Erstmals richtete sich der Protest nicht mehr nur gegen die Hongkonger Regierung, sondern auch direkt gegen Pekings Vertretung. Nach dem Protestmarsch zogen Hunderte Menschen zum Verbindungsbüro der chinesischen Führung. Einige bewarfen das Gebäude mit Eiern und schwarzer Farbe. Auch das Emblem der Volksrepublik wurde beschmutzt. Chinas Staatsmedien reagierten empört. „Das ist ein Aufruhr“, schrieb die „Global Times“. Der Angriff sei eine Herausforderung der Autorität der Pekinger Zentralregierung und des Grundsatzes „ein Land, zwei Systeme“.
Hongkonger fürchten, Peking wolle ihre Rechte beschneiden
Seit nunmehr sieben Wochen dauern die Proteste gegen die Regierung an. Auslöser war ein von Hongkongs Regierungschefin Carrie Lam eingebrachtes Auslieferungsgesetz, das es ermöglicht hätte, Bürger der chinesischen Sonderverwaltungszone bei bloßem Verdacht einer Straftat in die Volksrepublik zu überstellen. Dort lässt die autoritäre Führung ihre Kritiker gerne auch mal willkürlich einsperren.
Seit der Rückgabe 1997 an China wird Hongkong unter chinesischer Souveränität autonom in eigenen Grenzen regiert. Anders als die Menschen in der kommunistischen Volksrepublik genießen die Hongkonger das Recht auf freie Meinungsäußerung sowie Presse- und Versammlungsfreiheit. Immer mehr Menschen befürchten aber, dass die Führung in Peking ihre Rechte beschneiden will.
Nach den Massendemonstrationen mit zeitweilig mehr als einer Million Teilnehmern und auch vehementem Protest der in Hongkong so einflussreichen Unternehmen legte Lam das Vorhaben auf Eis. Sie versprach, es in dieser Legislaturperiode nicht wieder einzubringen.

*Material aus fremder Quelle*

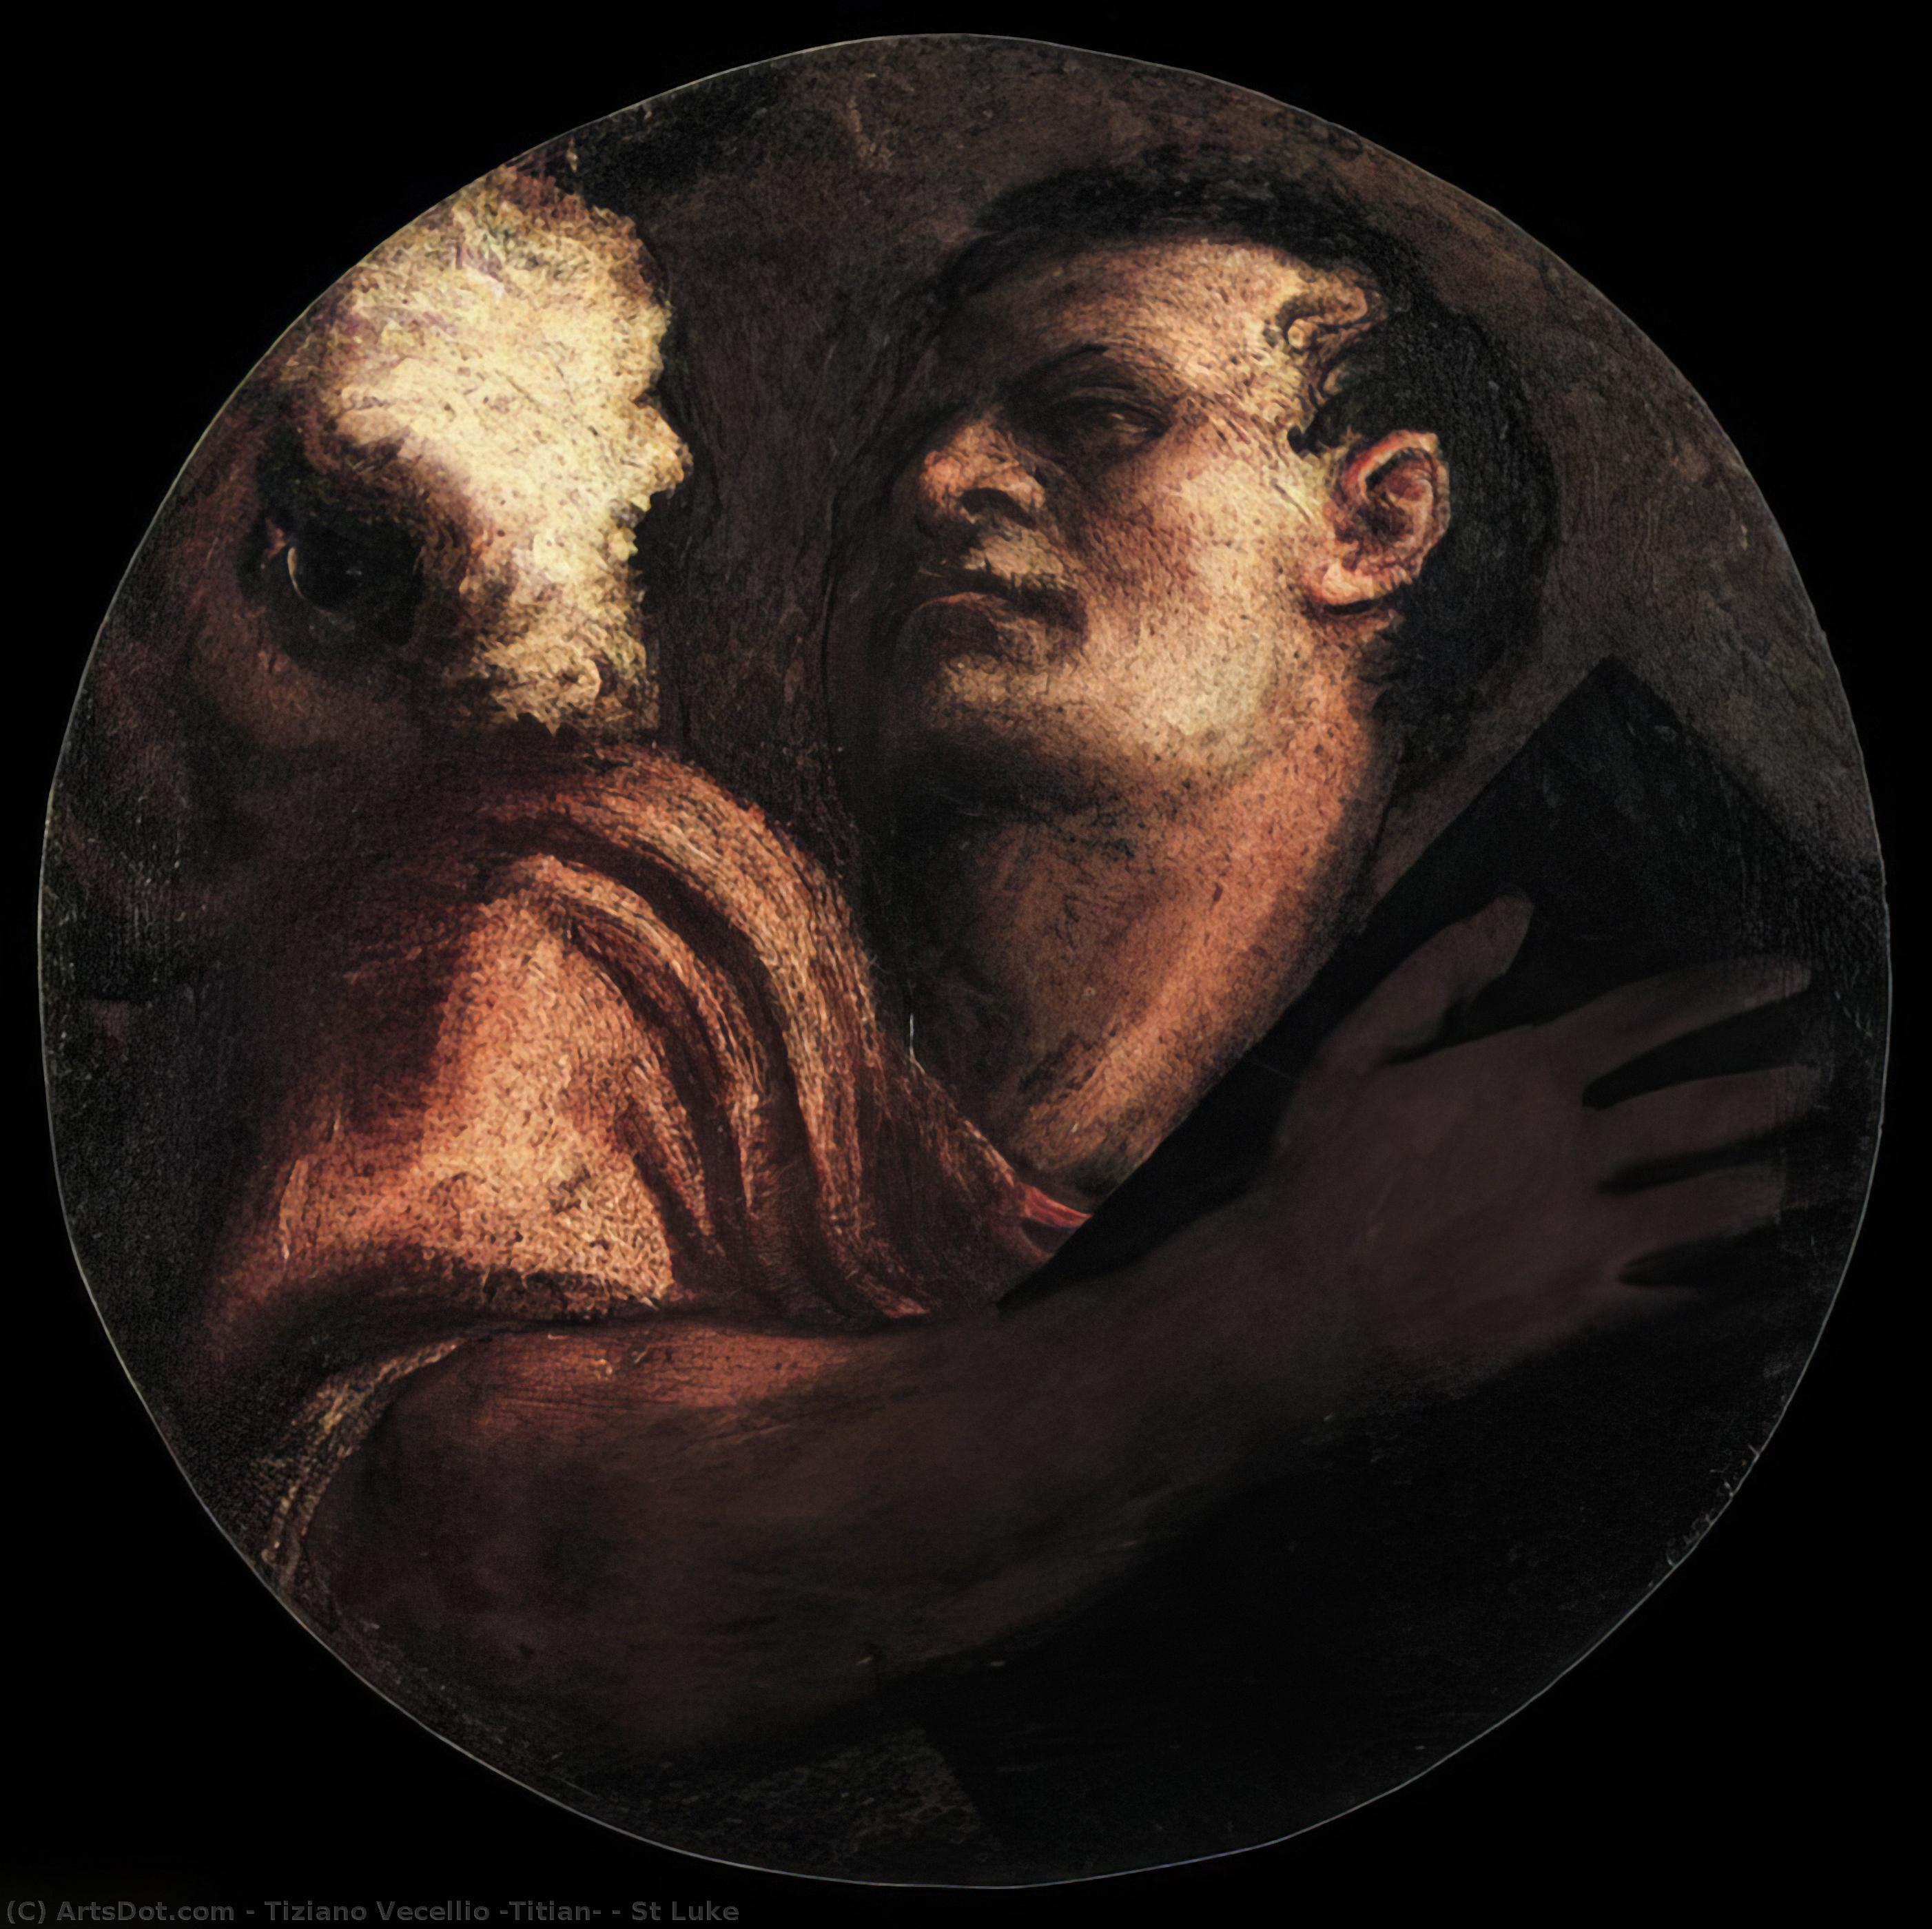 Ordinare Riproduzioni D'arte San Luca di Tiziano Vecellio (Titian) (1490-1576, Italy) | ArtsDot.com

Einige Protestler haben sich radikalisiert und fordern mehr
Doch die Aktivisten geben sich nicht zufrieden. Sie fordern den Rücktritt von Lam und umfassende demokratische Reformen, einige gar die Unabhängigkeit Hongkongs von der Volksrepublik. Sie sehen sich durch die aktuellen Entwicklungen bestätigt.
So wurden Abgeordneten der Pro-Demokraten vor zwei Jahren ihre Sitze im Parlament aberkannt, Hongkonger Medien werden immer stärker zensiert, Demokratie-Aktivisten mit Prozessen überhäuft.
Allerdings haben sich auch aufseiten der Protestler einige radikalisiert.
Bereits vor drei Wochen hatten mehrere Hundert Aktivisten das Parlamentsgebäude für mehrere Stunden besetzt. Nach der Beschädigung der chinesischen Vertretung durch Demonstranten am Sonntag reagierte Peking scharf. Das Verhalten einiger „radikaler Demonstranten“ könne nicht toleriert werden, sagte der chinesische Außenamtssprecher Geng Shuang am Montag.